_DATA SEGMENT_:
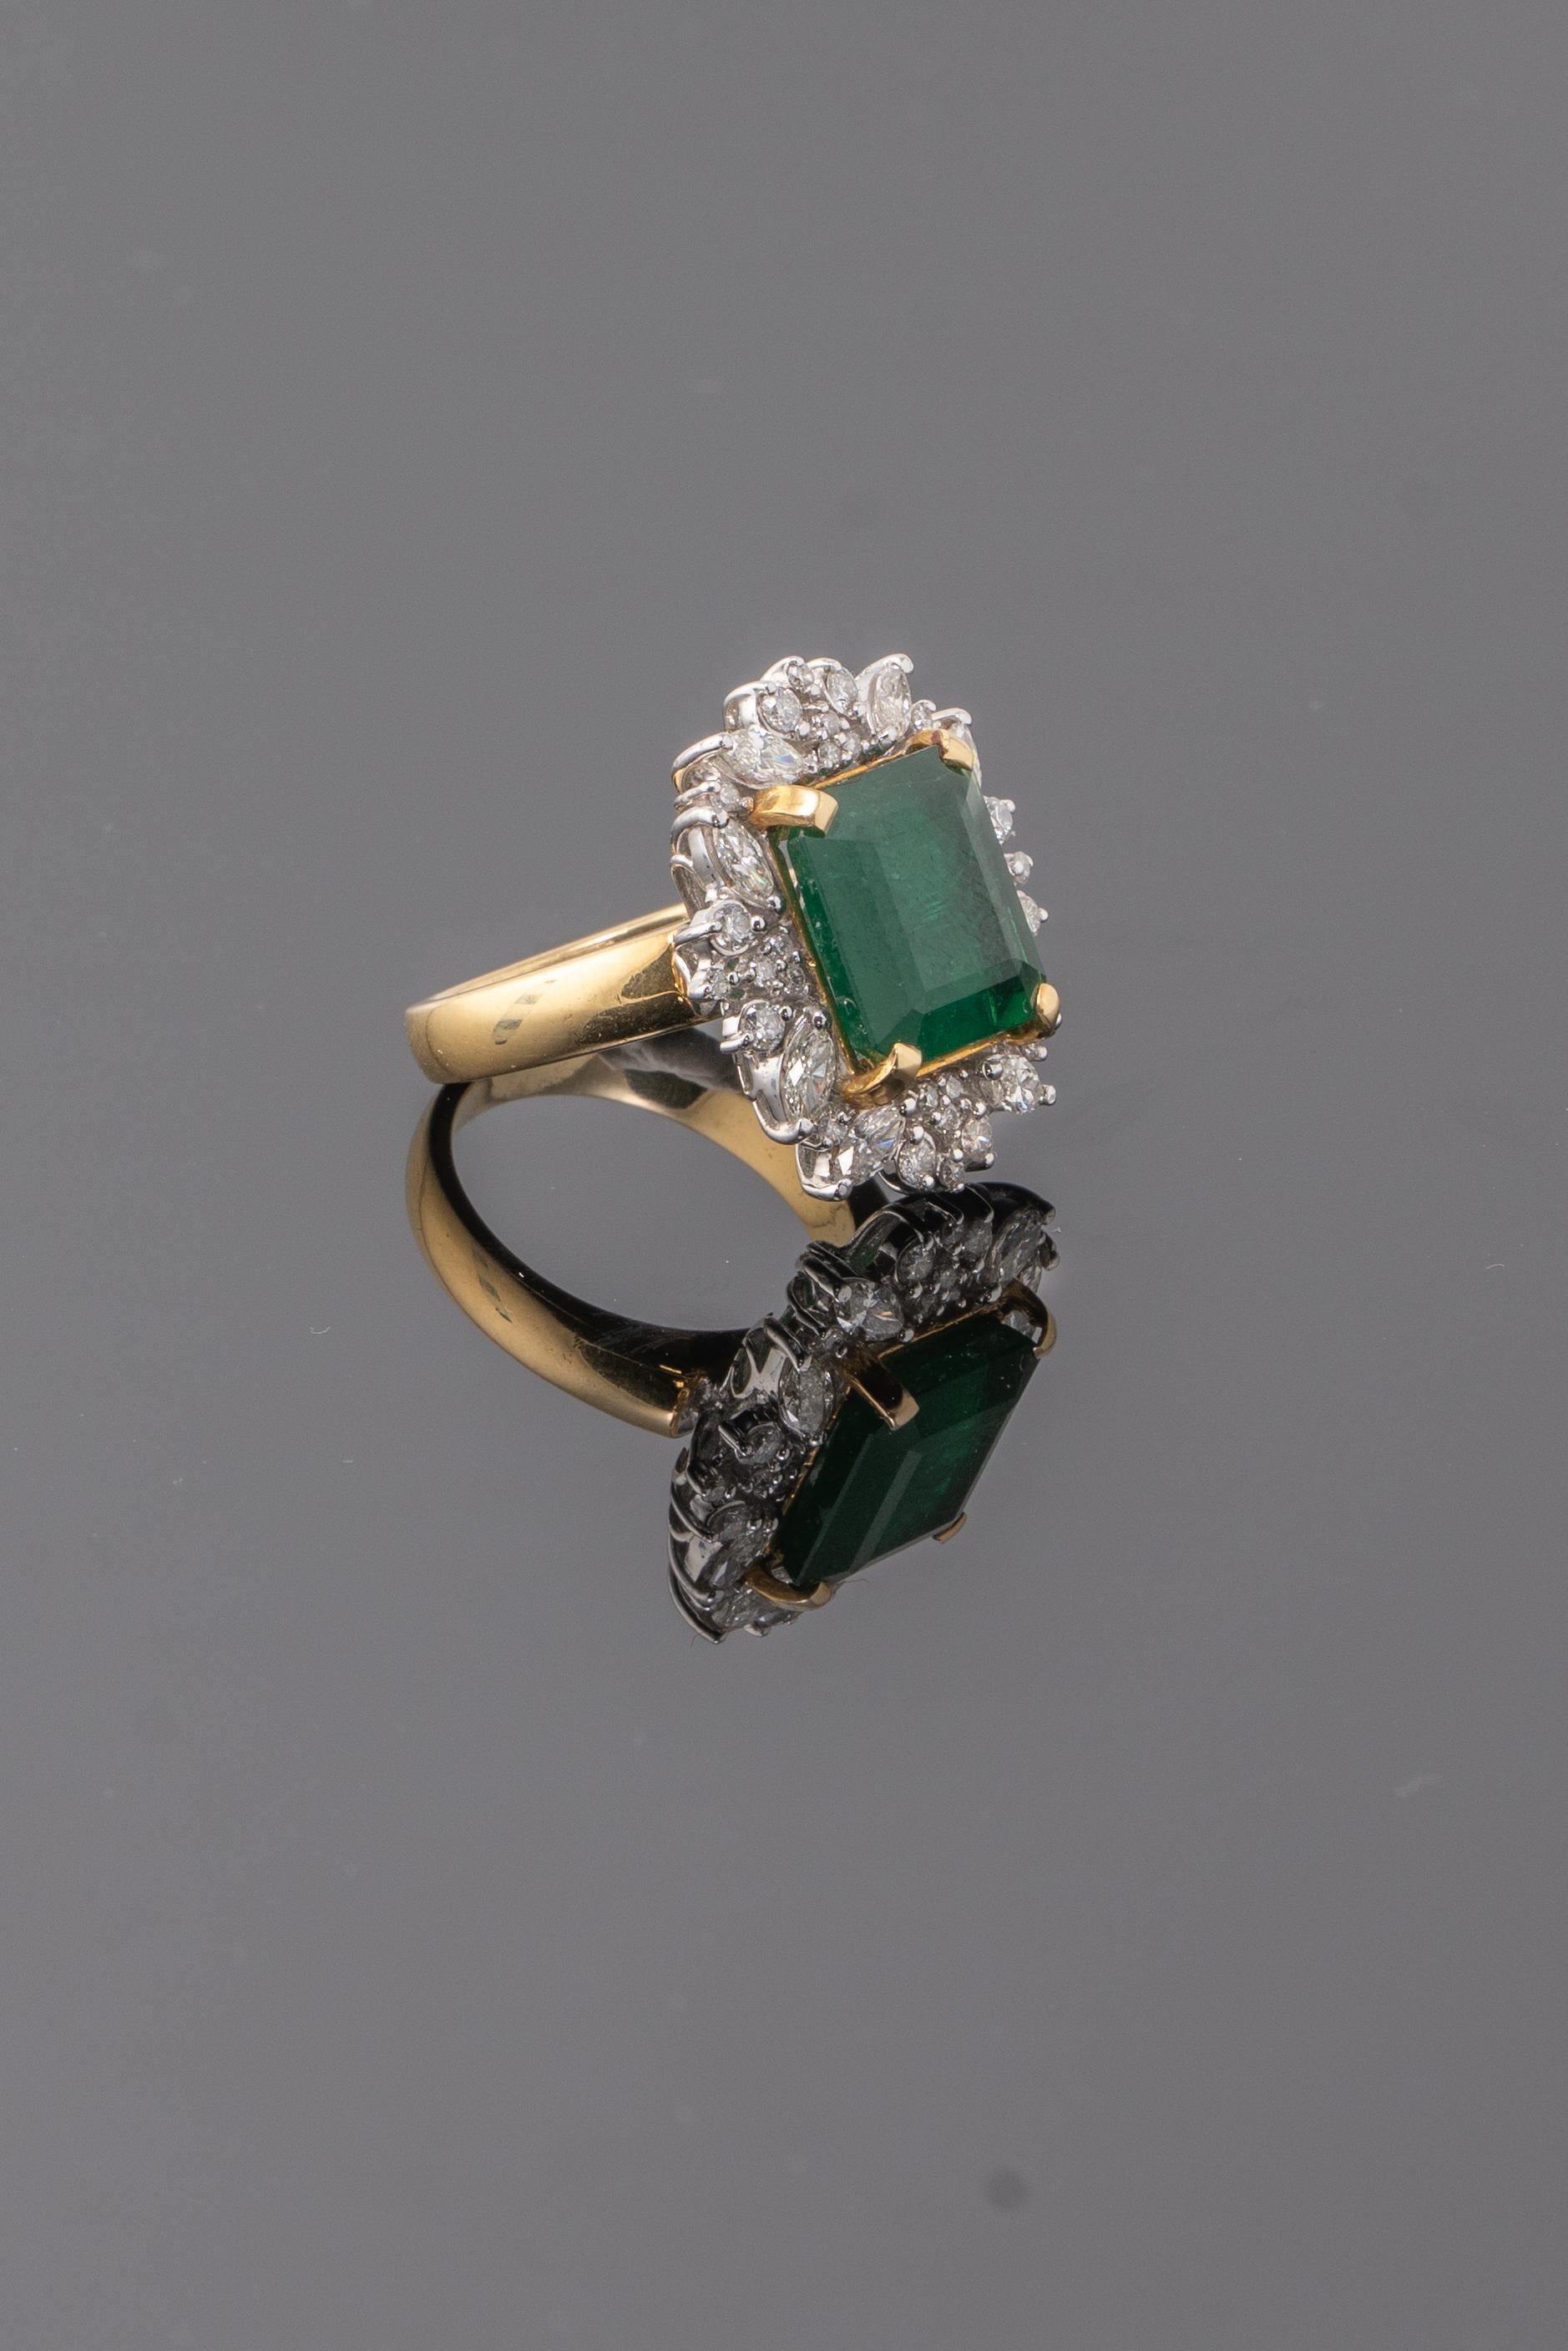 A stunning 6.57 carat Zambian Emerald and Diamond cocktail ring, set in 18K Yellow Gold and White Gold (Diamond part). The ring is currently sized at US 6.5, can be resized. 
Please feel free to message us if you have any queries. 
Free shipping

_HOW TO COMPLETE THIS TASK_:
Could you output the listing word for word, omitting every picture?

_SOLUTION FOR THIS EXERCISE_:
 A stunning 6.57 carat Zambian Emerald and Diamond cocktail ring, set in 18K Yellow Gold and White Gold (Diamond part). The ring is currently sized at US 6.5, can be resized. 
Please feel free to message us if you have any queries. 
Free shipping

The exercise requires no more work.